(YOUR INSTRUCTIONS) Return the full listing character for character, without its pictures.

(INFORMATION SHOWN)
__________
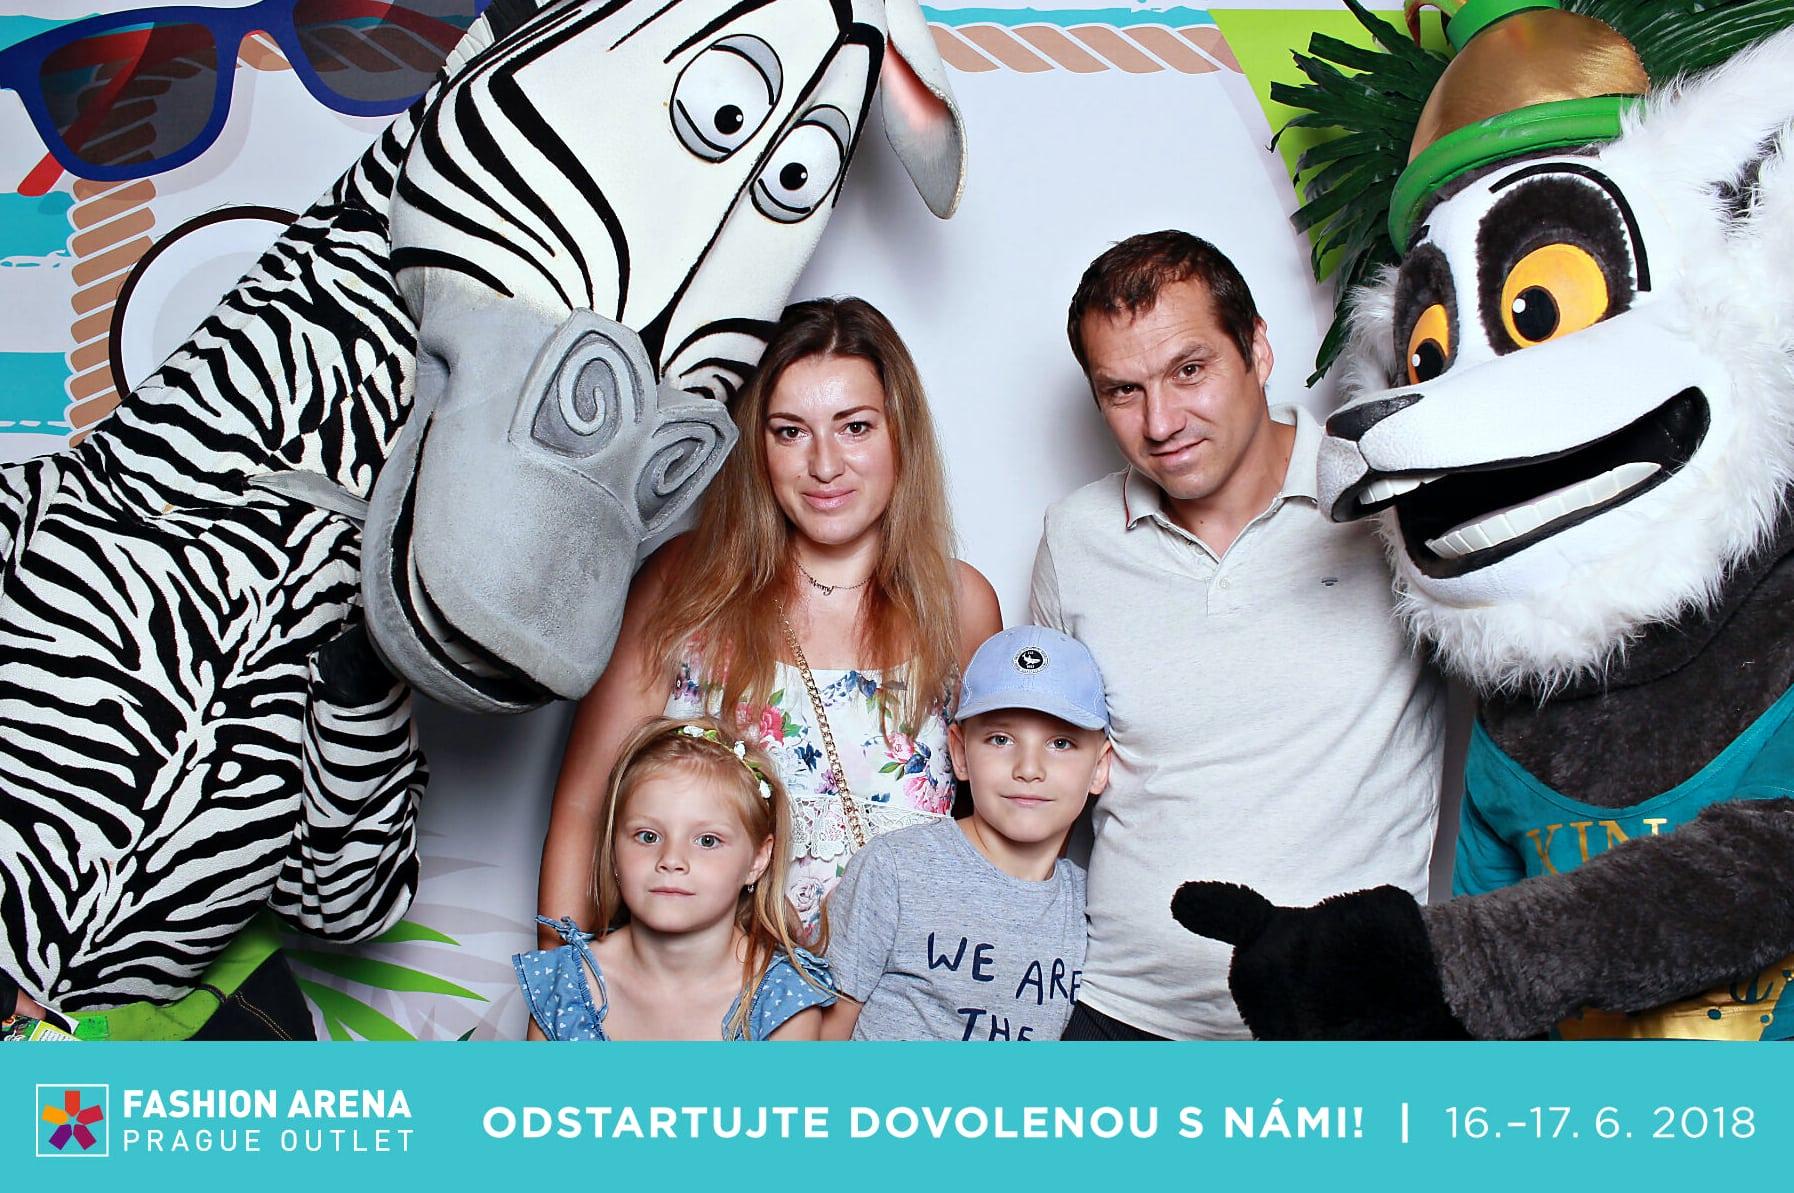 fotokoutek-fashion-arena-odstartujte-sezonu-s-nami-16-6-2018-440432
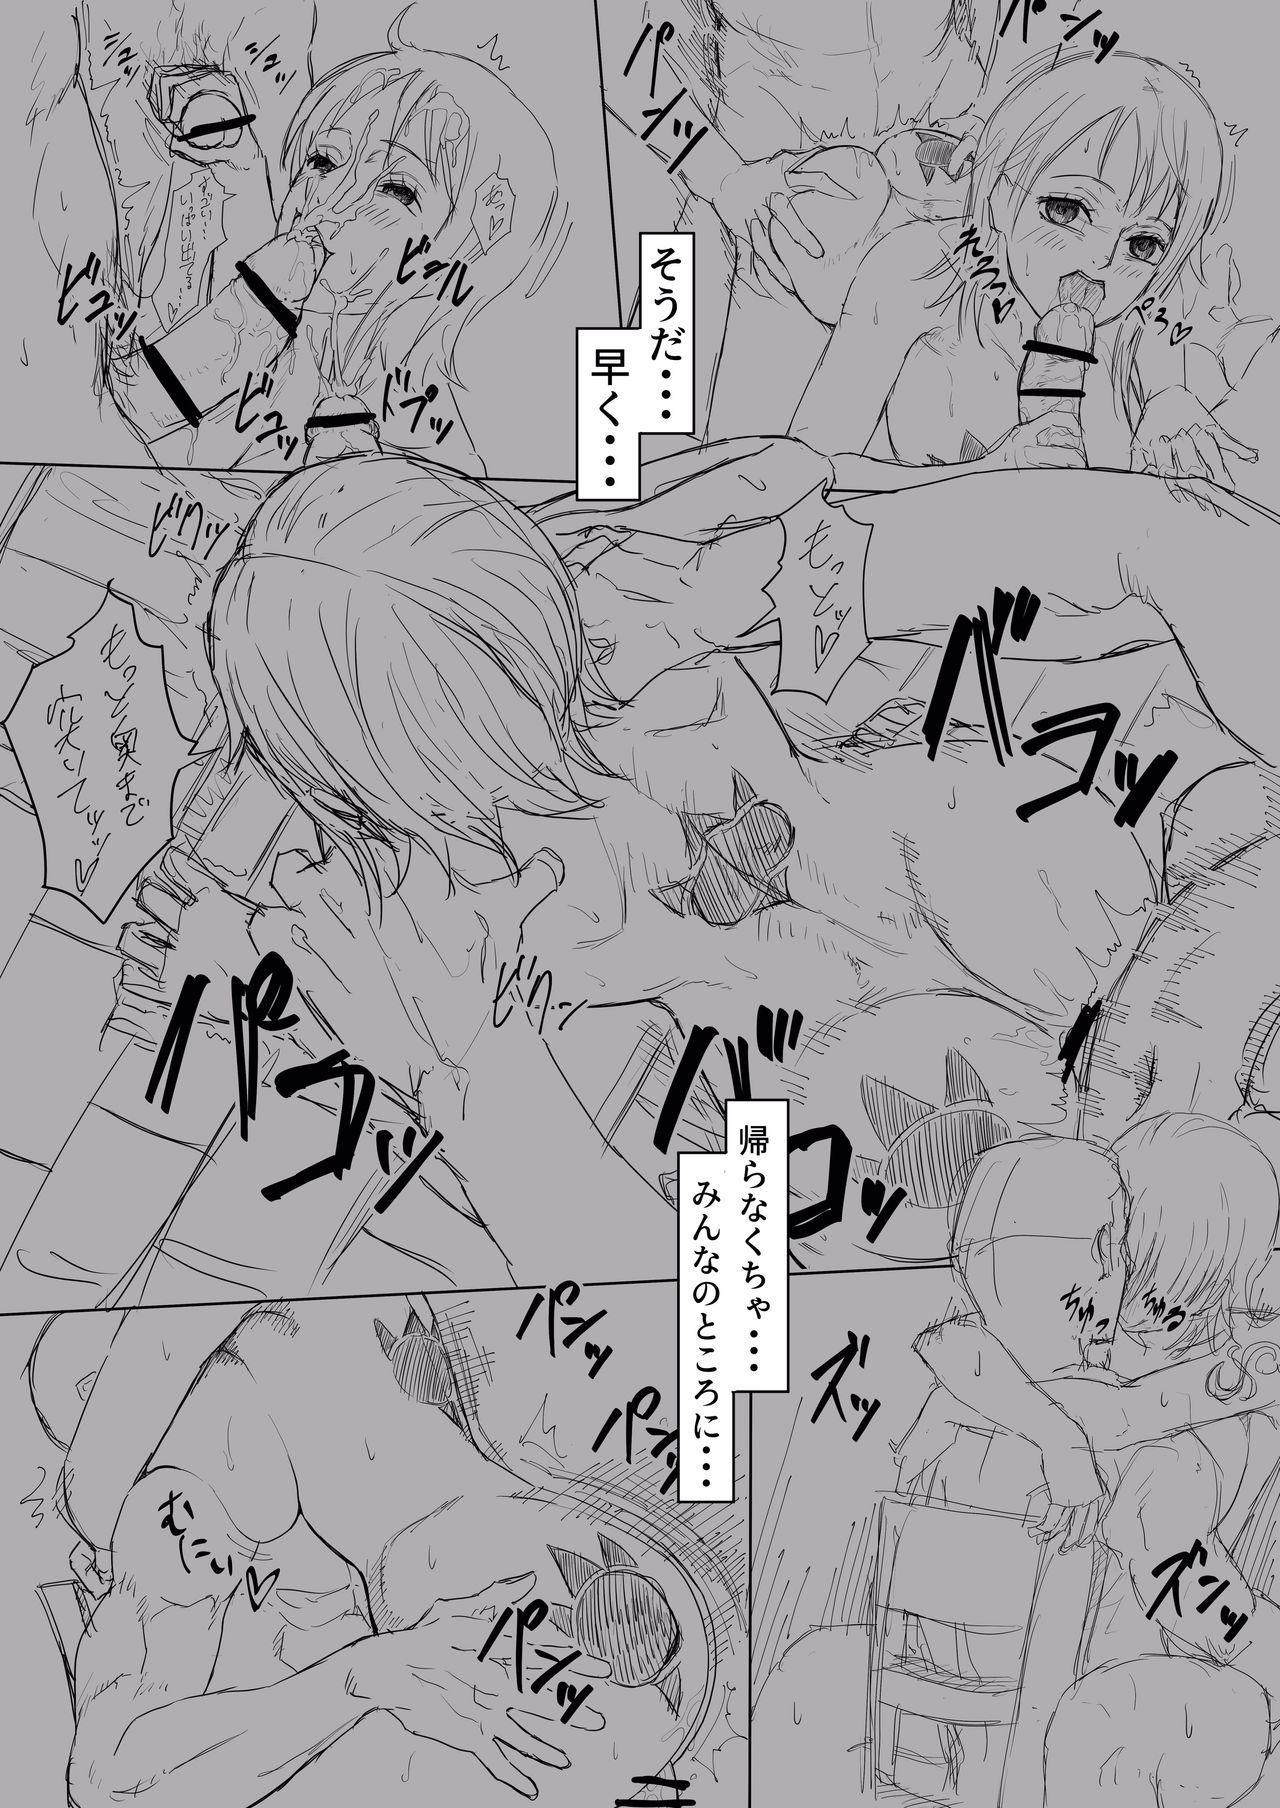 [Iwao] Nami H Manga (One Piece) Updated 13
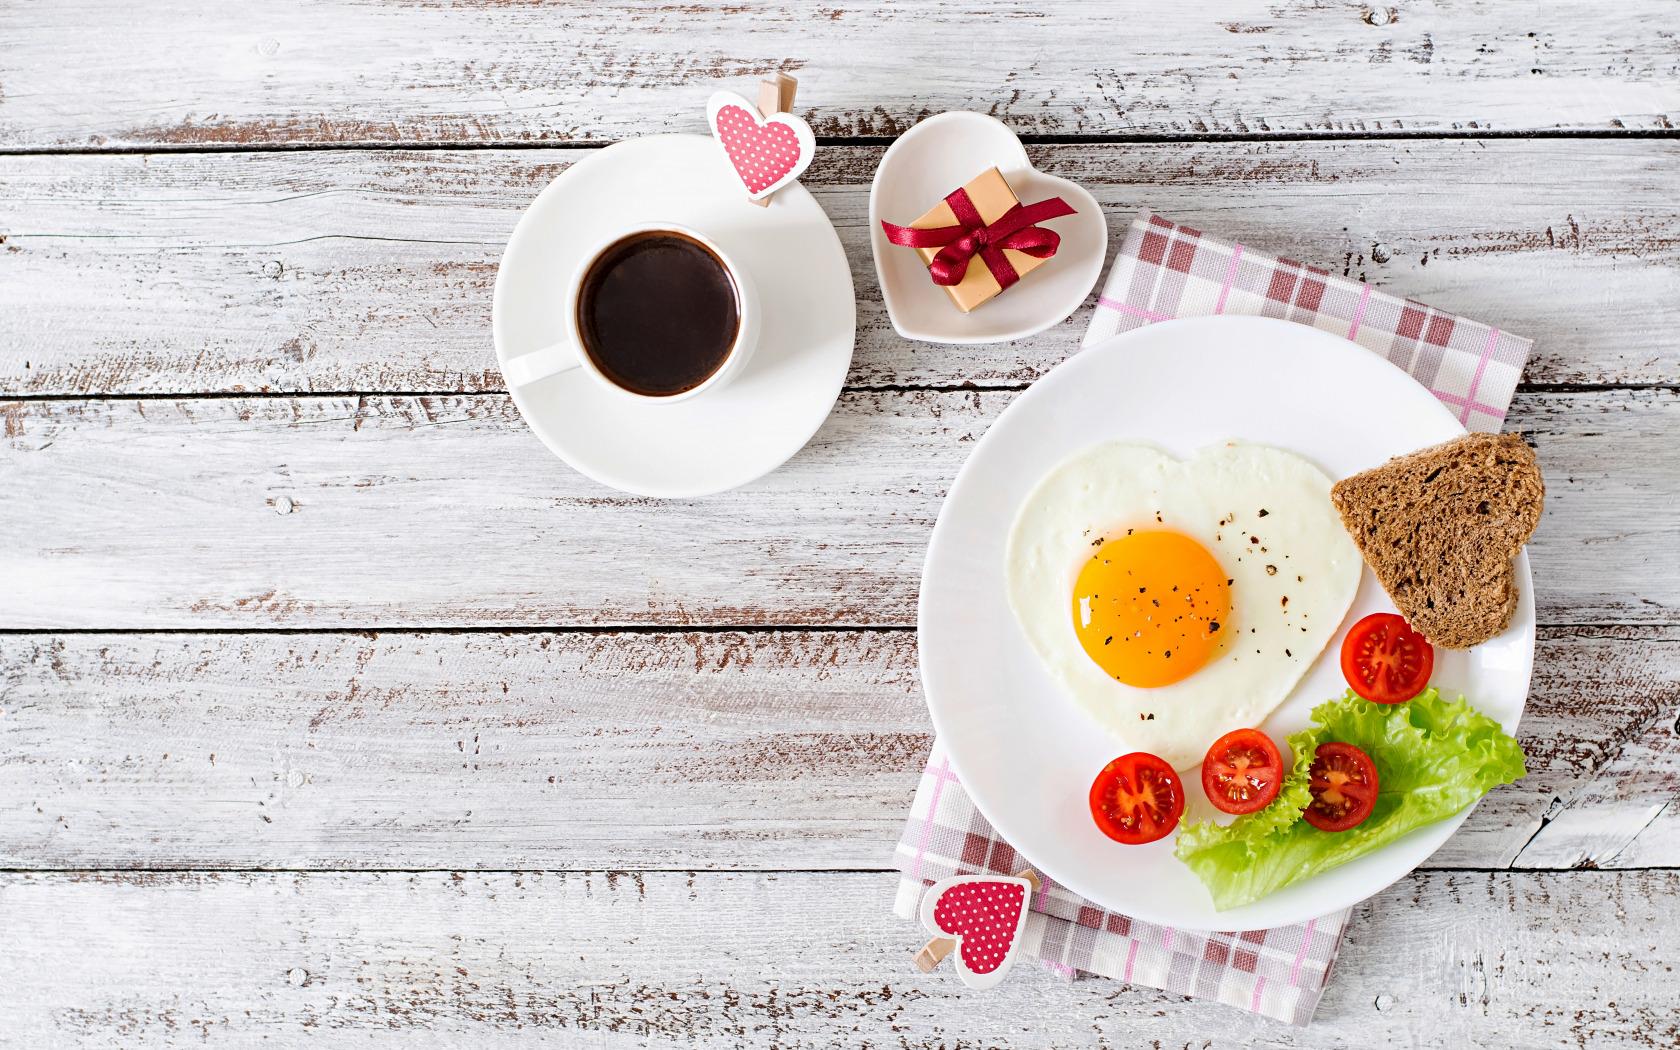 Яичница доброе утро картинки
__________
(EXPECTED ANSWER)
 fotokoutek-fashion-arena-odstartujte-sezonu-s-nami-16-6-2018-440432
 [Iwao] Nami H Manga (One Piece) Updated 13
 Яичница доброе утро картинки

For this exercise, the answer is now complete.